In clinical practice, both psychiatrists and cardiologists should respect the link between depression and
ACS. For patients with depression, previous studies have suggested that β-blockers and antidepressants, other than tricyclics, should be added in prescriptions for primary and secondary ACS prevention.6,22
In addition, there should be universal screening and cardiovascular referral. Among patients with ACS-developed depression symptoms, initiation of depression therapy may improve the response to treatment for both depression and cardiovascular disease.
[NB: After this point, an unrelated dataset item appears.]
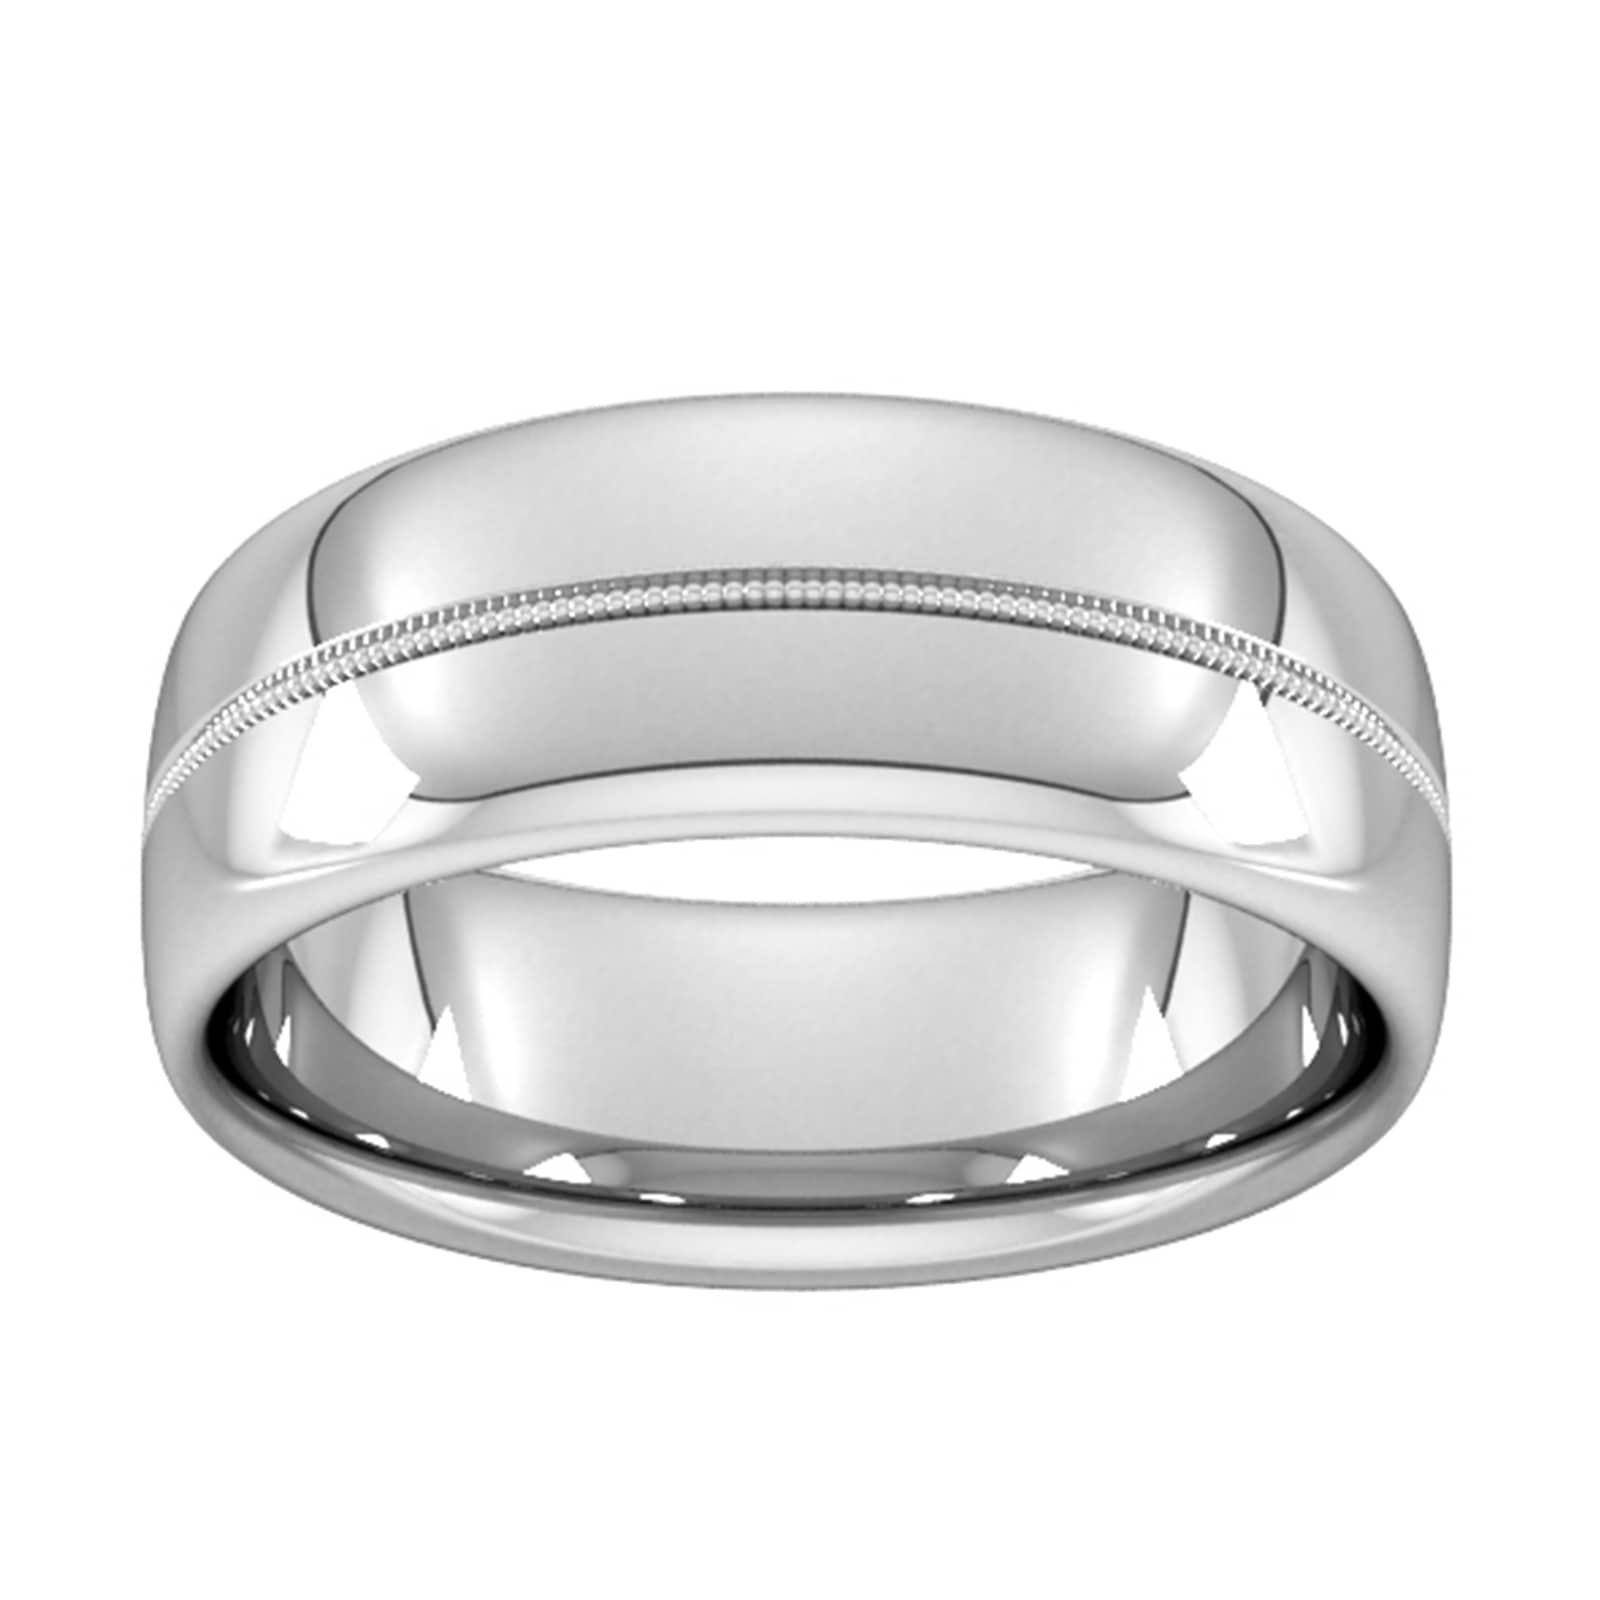 8mm Slight Court Standard Milgrain Centre Wedding Ring In 9 Carat White Gold - Ring Size K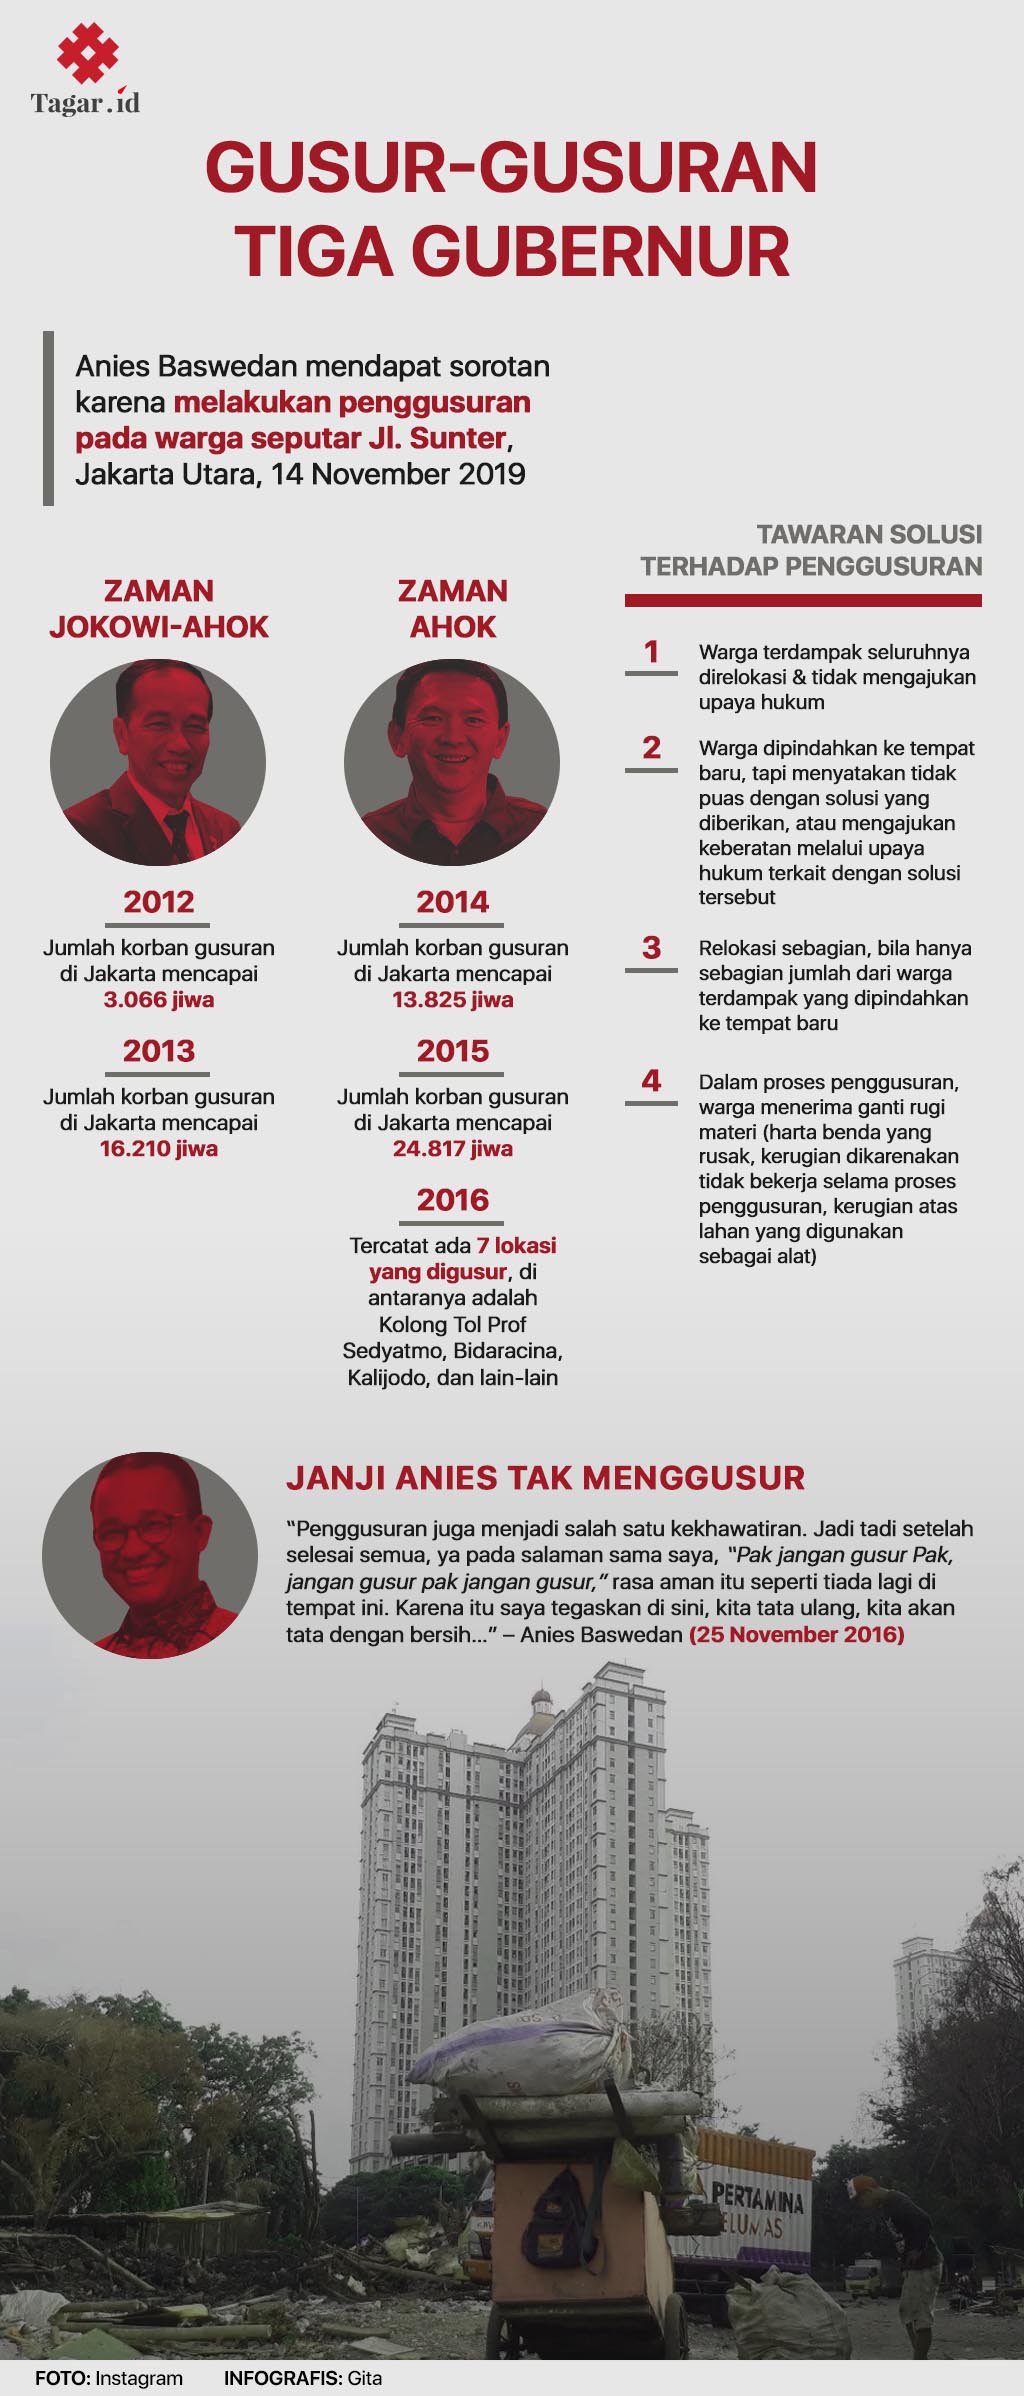 Infografis Gusur-gusuran Tiga Gubernur

However, depression screening, referrals, and treatment among patients with ACS are still
controversial because of a lack of supportive randomized control trials or systematic evidence-based
reviews.26 Conclusions
In conclusion, this national population-based retrospective cohort study proved a significant association
between depression and subsequent ACS risk in Taiwan, especially in middle-aged patients with comorbid medical diseases. This finding is compatible with previous meta-analyses. Further study is
required to extend this positive link to clinical purposes, thereby establishing treatment in prevention
and evaluating the benefits of post-ACS depression screening and treatment.